Get ready for the funny, Abilene, because it’s headed your way. Rodeo clown Dusty Myers will be on hand during the 75th annual Wild Bill Hickok Rodeo, to entertain fans with his crazy antics.
According to rodeo officials, Dusty is the second generation in his family to be rodeo clowns. His dad, Cary Myers, rodeoed in the International Pro Rodeo Association (IPRA), but by the time Dusty was born, in 1982, he had semi-retired.
Dusty grew up loving everything about rodeo. “I just fell in love with it,” he said. “I saw (rodeo clowns) Lecile Harris and Rudy Burns, and automatically, I knew that’s what I wanted to do.”
He has always been a fan of Harris, who worked the Abilene rodeo twelve times and passed away in 2020. “I don’t think there was anybody better.”

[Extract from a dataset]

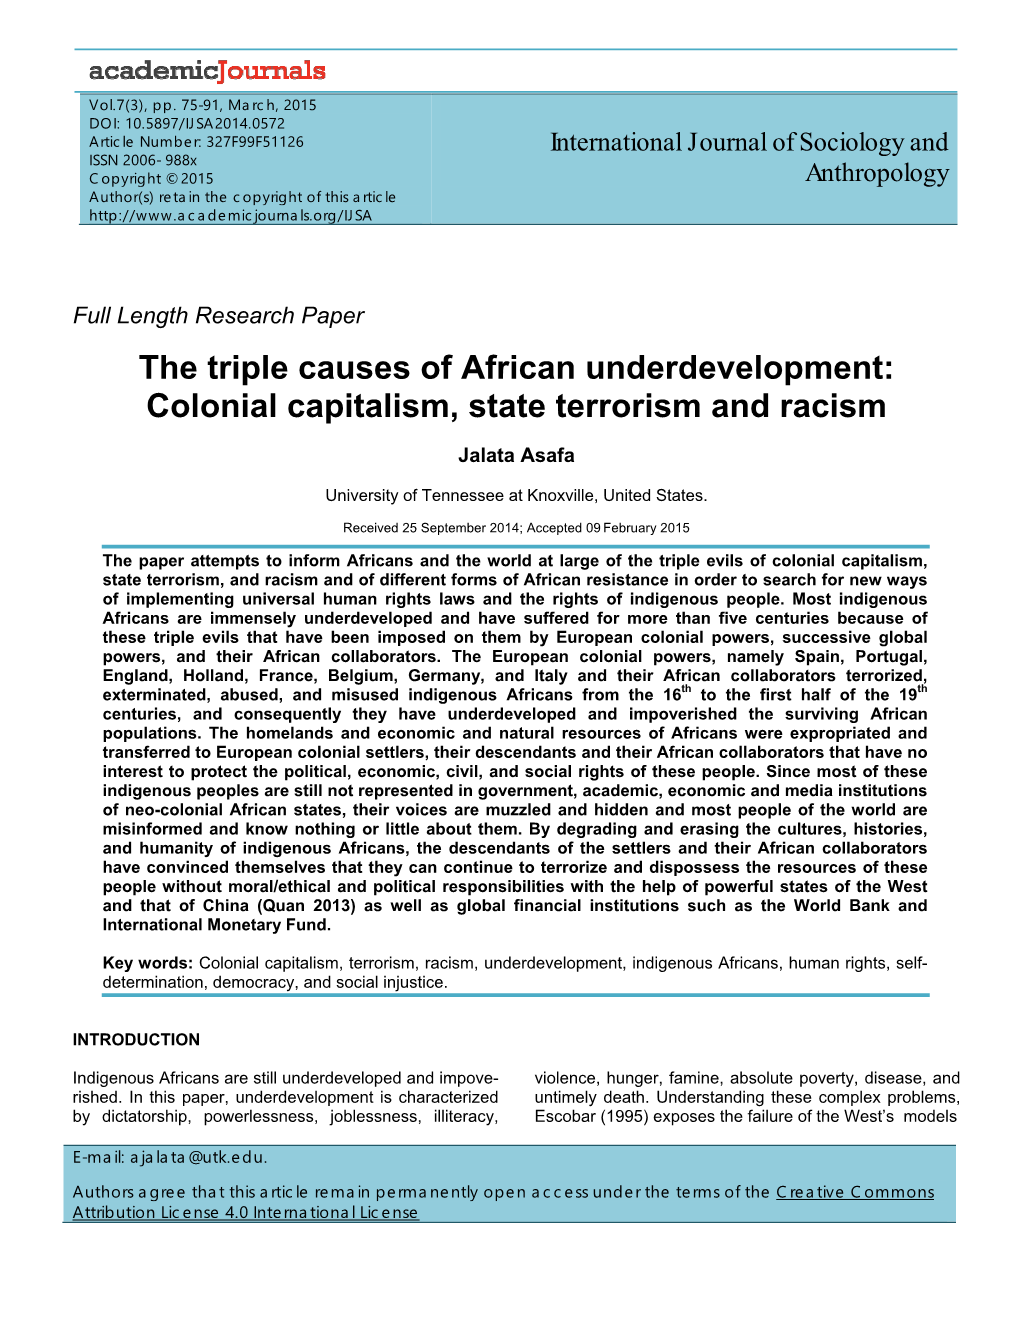 The Triple Causes of African Underdevelopment: Colonial Capitalism, State Terrorism and Racism

Dusty was part of his dad’s acts as a youngster, and by the time he was thirteen, he was a bullfighter. He had tried riding steers, but he didn’t like it. He wanted to be in front of them, not on them. For a while, he was the youngest bullfighter ever to work the IPRA’s finals, the International Finals Rodeo, at age eighteen, till Cody Webster took that record at age seventeen. His transition from bullfighting to rodeo clowning came about due to an injury. He suffered a knee injury and came back too early from it; his knee didn’t heal.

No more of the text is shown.